Однако внимание обоих привлек шум машины, подкатившей к крыльцу. За окном, в крепком закатном свете, мелькнула тень, и оба догадались, что приехал лейтенант.
— Как же, как? — поторопил сержант Конкина. — Правда, что ли?
— Истинно, — сказал Конкин. — Троих наших в забое завалило. Дышать нечем, питье кончилось. А меня на связь с ними поставили, ну, я и так, и эдак, мол, ребята, держите хвост пистолетом, спасательная команда вот-вот доберется до вас… А они… — Конкин заметил появившегося на пороге лейтенанта, но обрывать себя не стал. — С нами, мол, все ясно, позаботьтесь о семьях и так далее. Тут я снял телефонную трубку и начал Пушкина читать. Не помню уж, с какого стихотворения разгон взял. Читал три с лишним часа, а они по очереди слушали. Откопали их, вытащили. Их в «скорую» несут, а они, хоть и посинели, все меня благодарят: за стихи.
Конкин вздохнул, хотел было приветливо, уже по-свойски улыбнуться лейтенанту, но, приглядевшись к нему, раздумал. Прежнего настроения и любопытства лейтенант, чем-то сильно расстроенный, сейчас не выказал. Хмурясь, прошагал за барьерчик, вынул из кармана мятый промасленный лист бумаги, вывел на нем размашистую, должно быть, сердитую подпись.
Конкин тихо сел на скамейку и замер, как прежде, в терпеливой неподвижности, ожидая, что скажет лейтенант.
— Вот что гражданин Конкин, — проговорил лейтенант. — Протокол будем считать недействительным. За помощь в разоблачении расхитителей общественного добра спасибо. Но если еще раз полезете в драку, ссылка на Пушкина не спасет от наказания. И не думайте, пожалуйста, что, кроме вас, некому защищать Пушкина.
Конкин поднялся со скамейки, поискал картуз… Вспомнив, что сунул его в карман, виновато взглянул на сержанта, видно, стушевавшегося при грозном начальнике.

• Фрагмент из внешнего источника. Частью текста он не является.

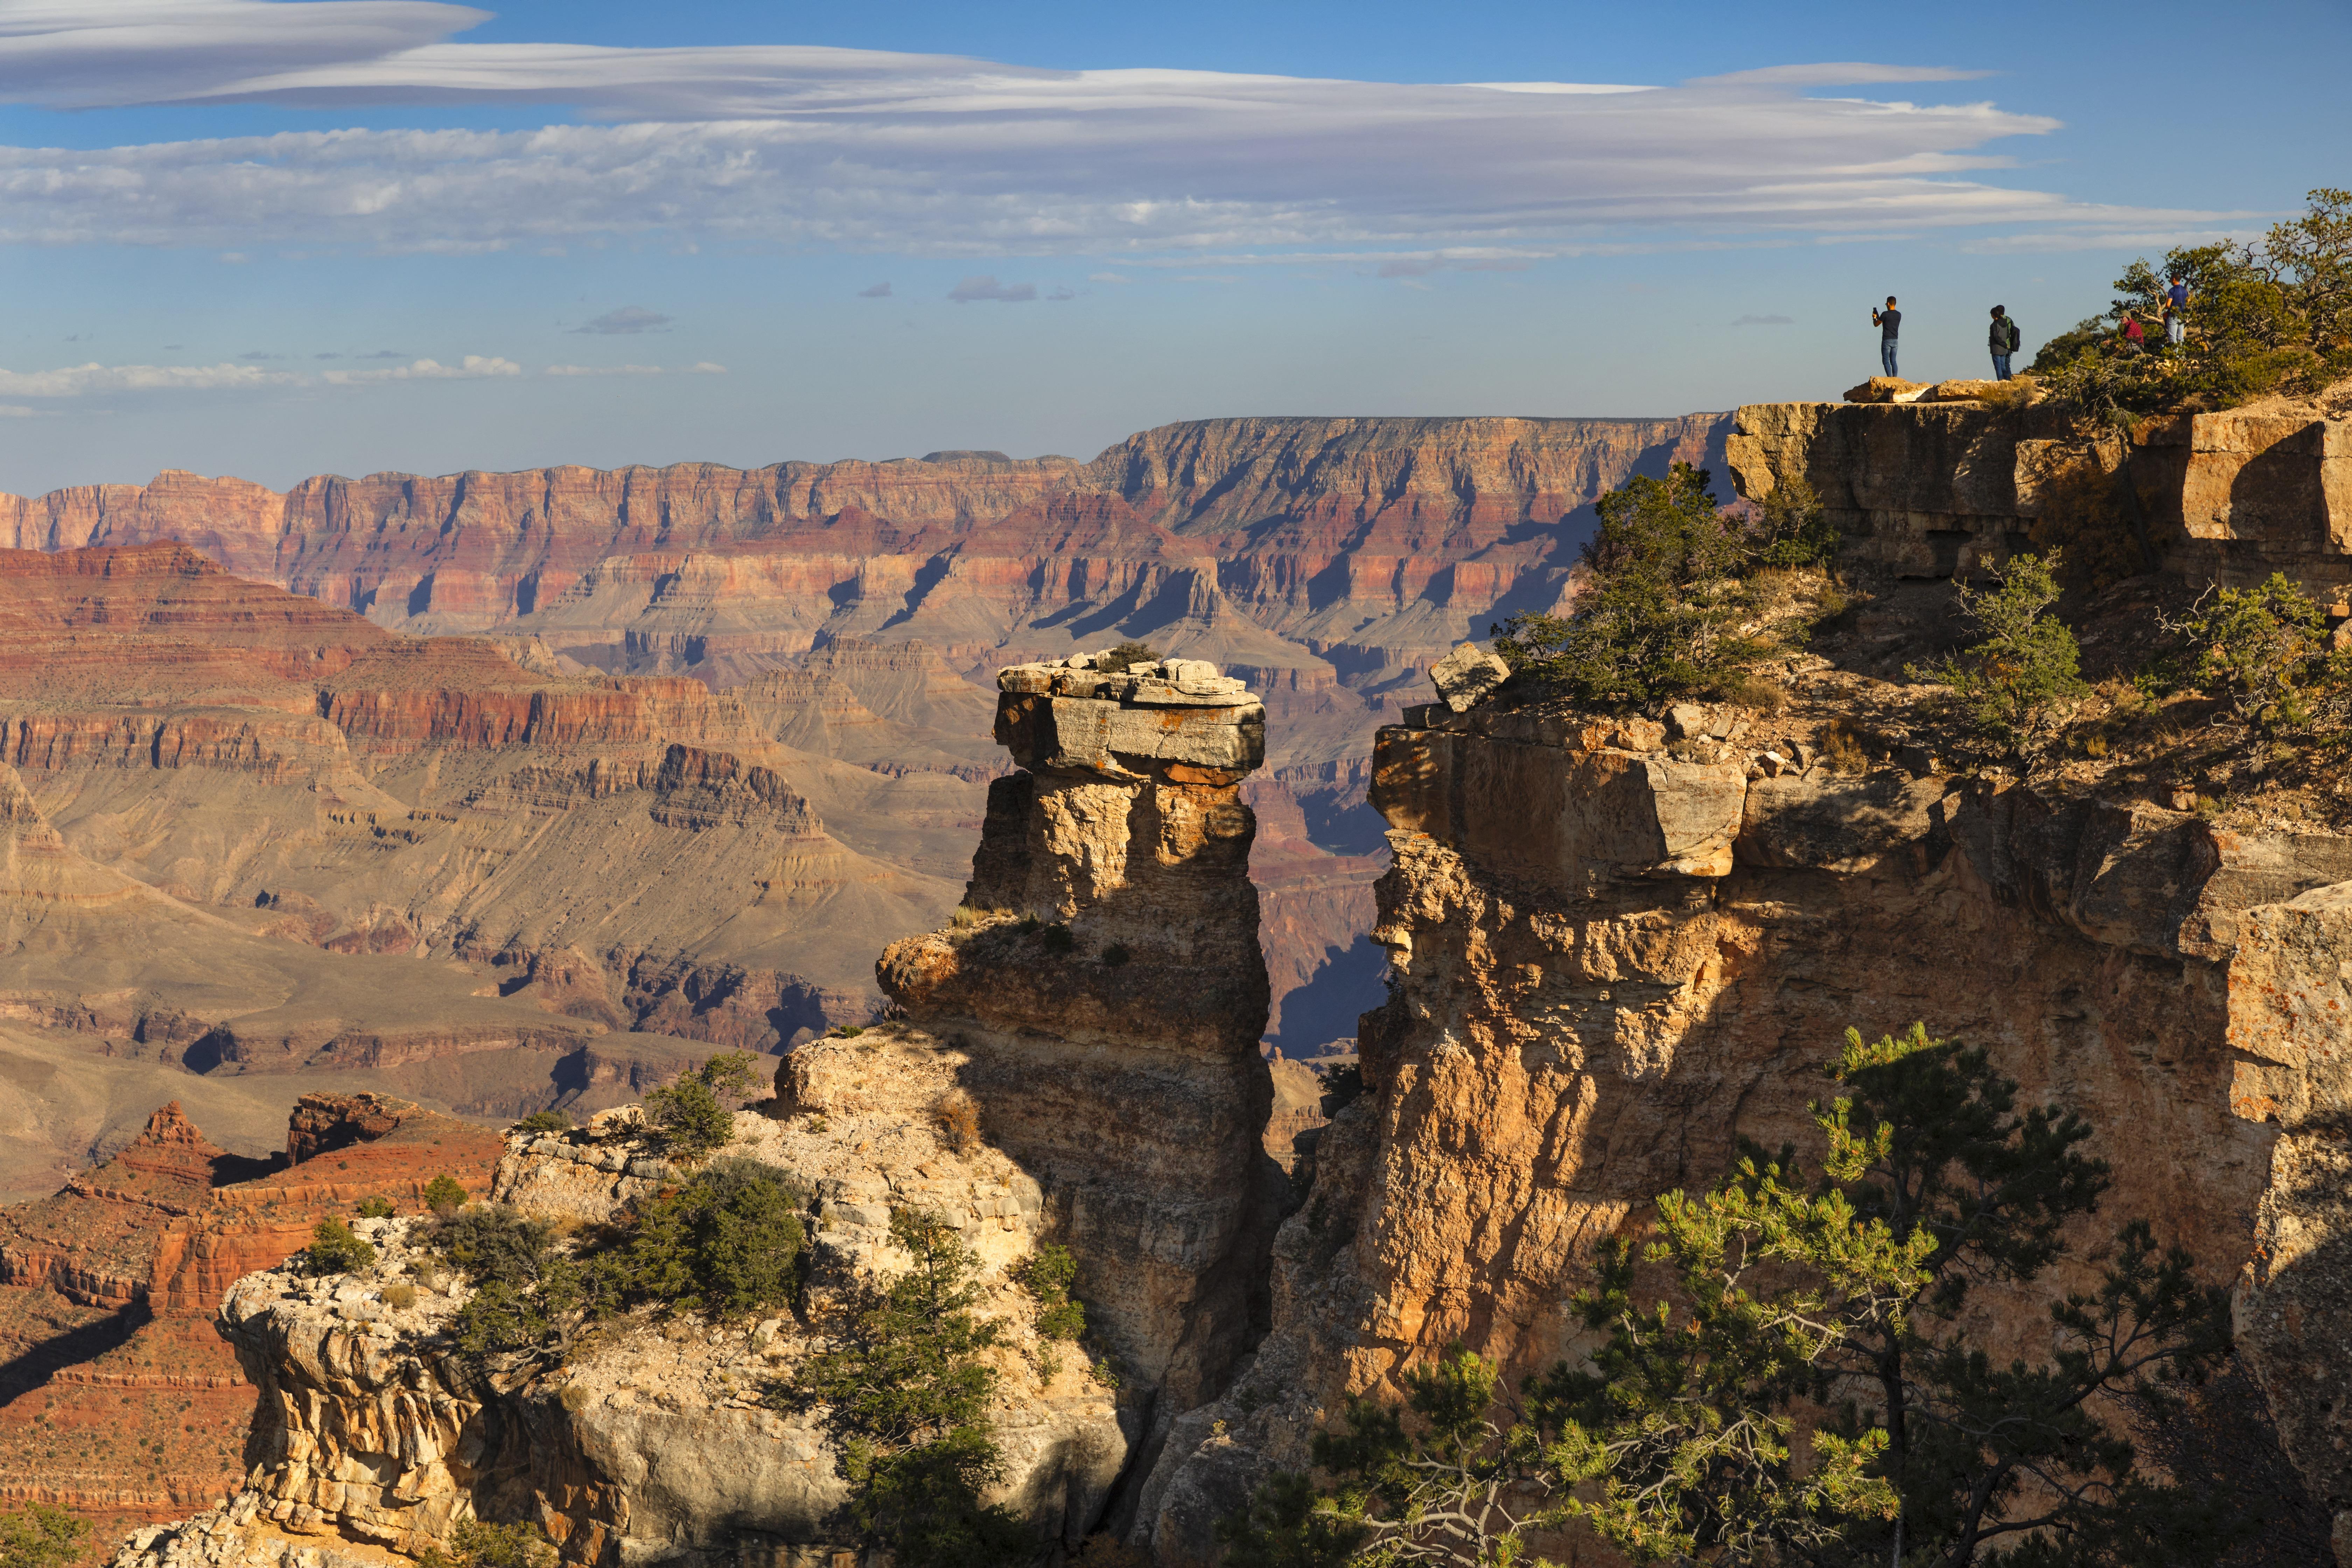 Eltűnt egy magyar turista a Grand Canyon Nemzeti Parkban, keresik

— Ну, коли так… — пробормотал Конкин, направляясь к выходу. — До свидания!
Конкин вышел к прудам, давно потерявшим свой стародавний вид, прошел деревянным мосточком на горушку и там оглянулся, увидел баб, которые, зайдя по колено в темную, заросшую ряской воду, полоскали белье. Дальше, за вербами, тянулись вдоль шоссе, в красноватой пыльной мгле, дома Полотняного Завода. Конкин постоял, свыкаясь с волей, взошел на горушку, к главному дому Гончаровых, обходя его стороной, напрягся слухом: работают ли каменщики? За забором было тихо.
Конкин припал к щели, не разглядел никого, но беспорядок заметить успел: повсюду разбросан битый кирпич, а раствор, сваленный прямо на землю, весь как есть затвердел, растрескался. Конкин с тяжелым сердцем зашагал дальше, углубился в тенистый закоулок, где был остановлен двумя мужиками, один из которых нес большую хозяйственную сумку со стеклотарой.

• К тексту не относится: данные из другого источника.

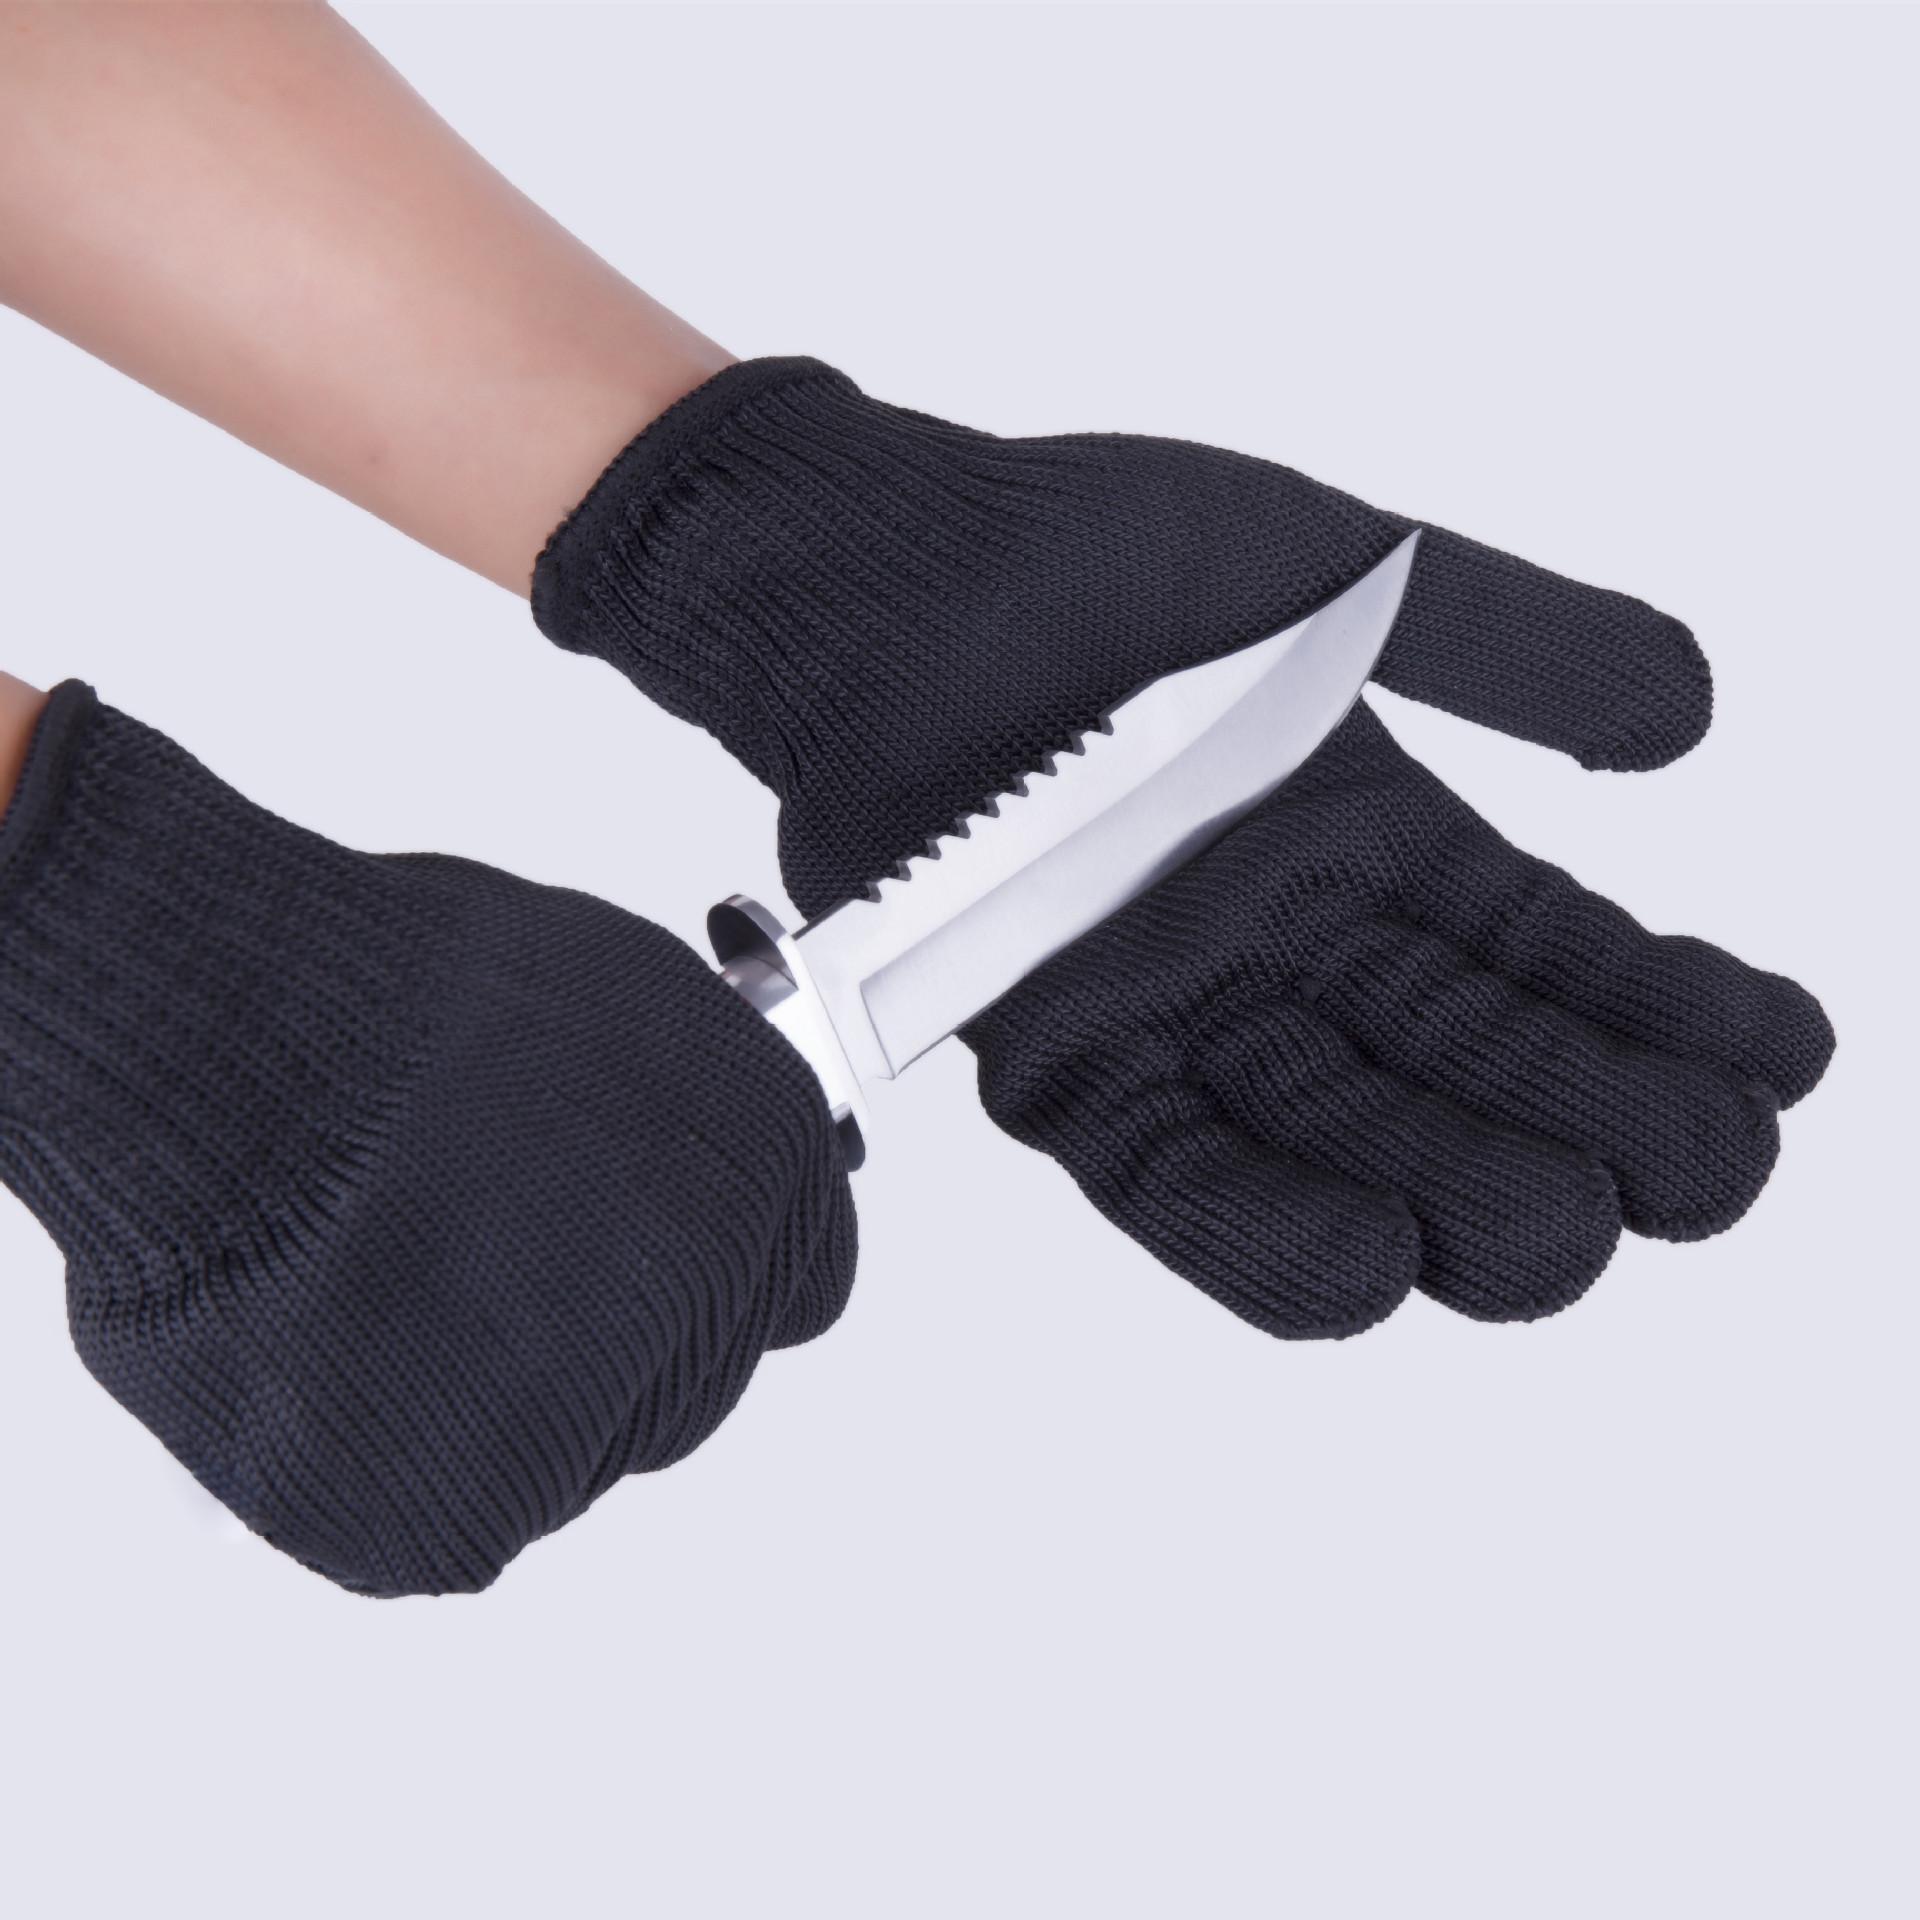 防割5A级钢丝手套专业加强型多用途防割防护手套黑色白美标欧标

— Че, кореш, выпустили? — поинтересовался один, что был постарше. — Искандерчика тоже ослобонили, знаешь, наверное. Ты на нас всех-то уж бочку не кати. Мы, конешно, труженики не ахти какие, но народишко честный. Мы сами того… офонарели, когда узнали, что Лузгин у Пушкина добро стырил…
— Ты с ним не связывайся, — сказал другой, тряхнул сумкой, отозвавшейся веселым бряком. — Пошли лучше с нами.
— Премного благодарен! — церемонно поклонился Конкин. — Извините, не по пути.
Почувствовав грусть, Конкин свернул к Пушкинской аллее и отчего-то долго злился, топая по раскуроченной автомобильными колесами дороге, и только ближе к реке ему сделалось легче.
Наплывали сумерки, от реки, скрытой темным сосновым бором, тянуло остужающей прохладой. Высоко над вершинами сосен недвижно застыли подрумяненные барашковой кучерявости облака. А дальше, насколько хватало взгляда, не видно было на небе ни единого пятнышка.
Конкин миновал пионерлагерь, расположенный в глубине парка, прислушался к гомону детворы, звукам аккордеона, не поглядев, что там происходит, заторопился к Пушкинской беседке, черным грибом обозначившейся внизу.
Мягко ступая, вошел под шатровую крышу, притиснулся плечом к деревянному столбу, еще хранившему дневное тепло. Кругом не было ни одной живой души, стояла тишина, плыл с заречных луговин духовитый запах сена.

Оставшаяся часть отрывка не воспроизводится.